Hiringa Energy and Ballance Agri-Nutrients are already in a joint-venture partnership to create a renewable hydrogen hub in South Taranaki. The project plans to construct wind turbines to supply electricity directly to Ballance's Kapuni site, where it will be used to produce hydrogen by electrolysis. 
The hydrogen then becomes a feedstock for the production of urea for fertiliser, but can also be used in vehicle fuel cells.
Regional transportation of the hydrogen will be via custom tankers, Clennett adds: "We will own the tanks, but we have an agreement with TIL to cart them. 
"However, Kapuni will not be our only production site. Our plan is also to set up electrolysis units at some of the refuelling locations, and use offpeak electricity to produce the hydrogen onsite."

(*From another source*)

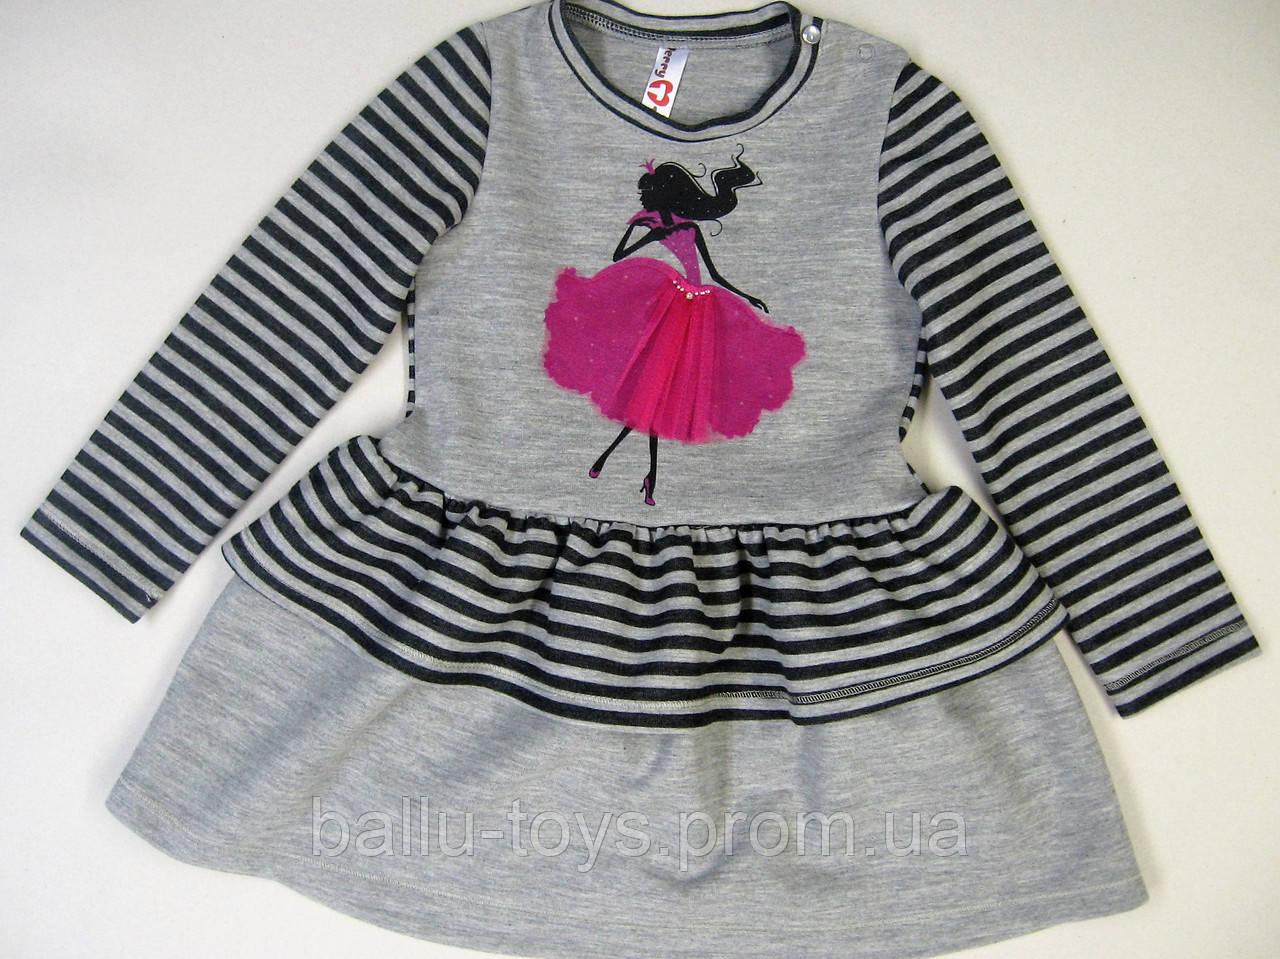 2e7770a1e42 Повседневное трикотажное платье на девочку (3-7 лет)  продажа

Kahn says Hiringa is building a relationship with the Waitomo Group, and plans to be using its existing sites as refuelling stations: "They are not the only distributor/retailers in the market, but we find them really positive to work with, and since they have an emphasis on servicing the heavy transport sector it makes for an ideal fit."

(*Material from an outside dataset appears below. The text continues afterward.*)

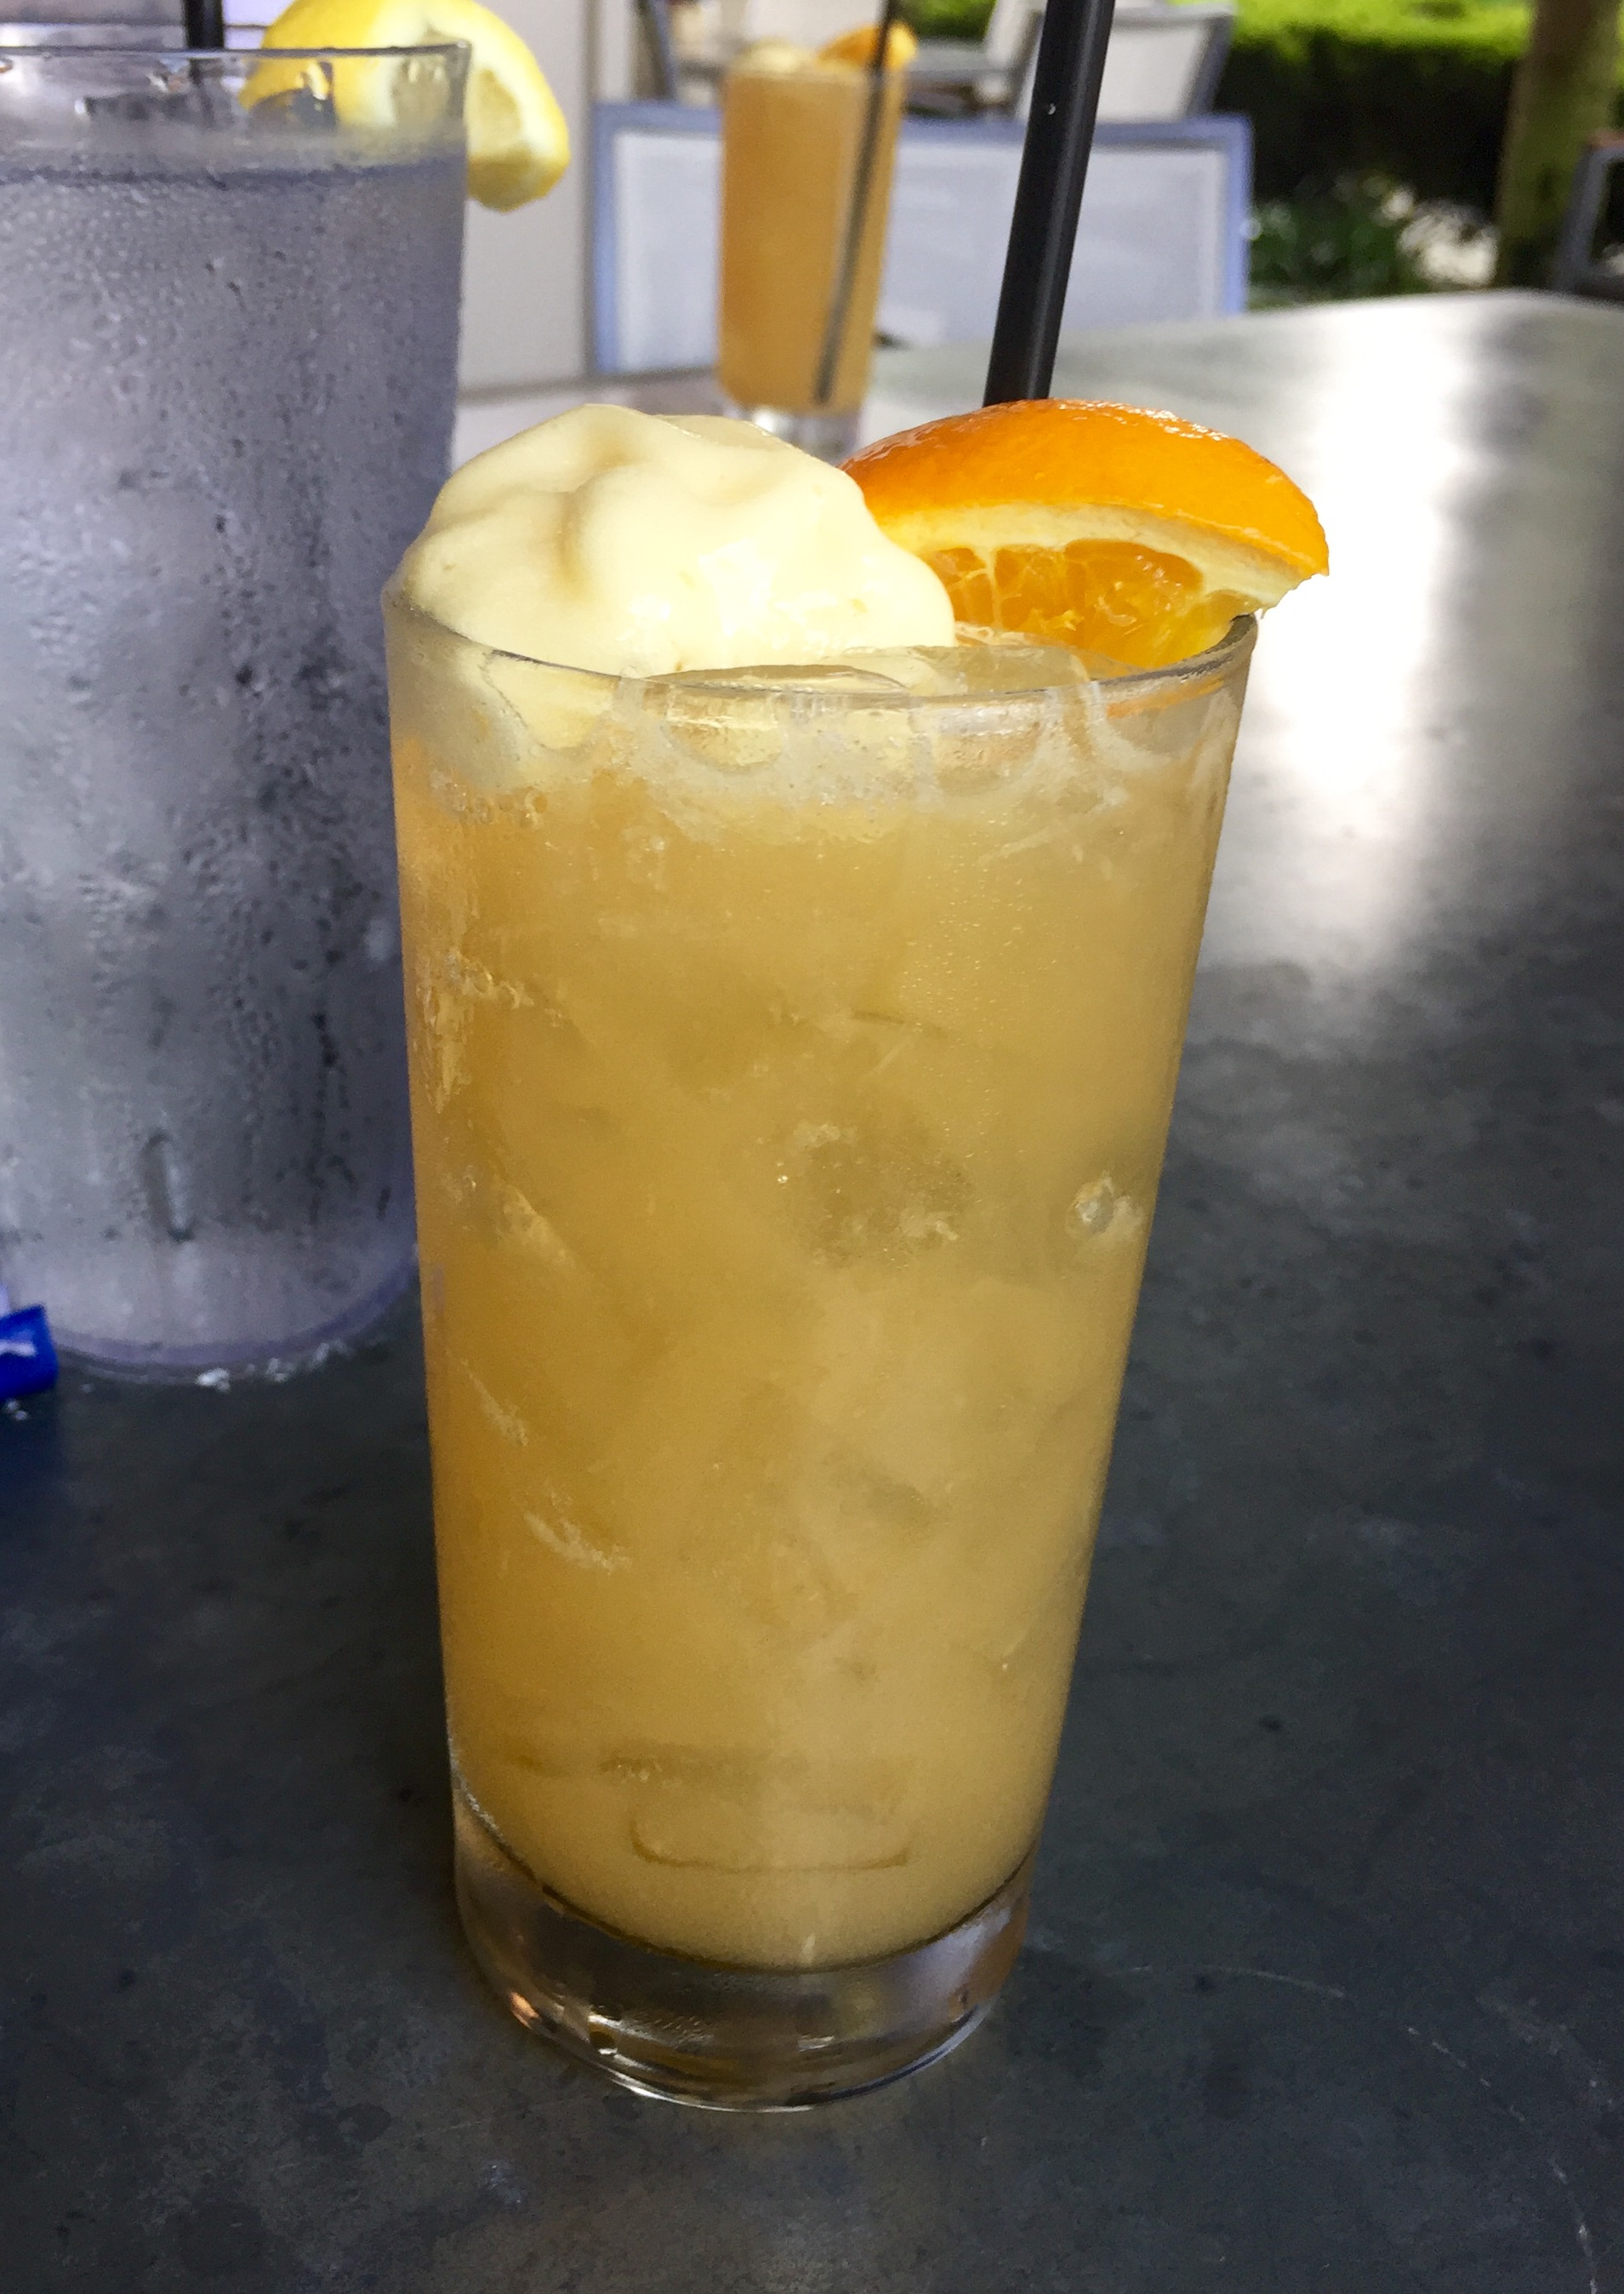 Best Margarita recipe at a restaurant

The first of four filling stations is planned to be in operation by Q2 next year. After that the schedule calls for eight sites by 2022 at the latest, and 24 by 2025.
The original four sites will cover the North Island heartland – Te Rapa, Hamilton, Tauranga, Manawatu and Taranaki. They will be followed by facilities in South Auckland, Taupo, Wellington and Christchurch...ensuring near-nationwide coverage.
The partners in the venture agree that fuel cells have yet to match conventional diesel powertrains for price, but Andrew Clennett feels that cost parity for transport operators could be achieved within five years, especially if the technology is supported by Government intervention….such as subsidies or reduced road user charges. 
Adds Dan Kahn: "It's all about showing the international community what can be done with the introduction of new technologies. We have an almost unique situation in NZ, with a well-developed infrastructure and supportive government policies. Despite our size, we are ideally placed to be at the forefront of these innovations."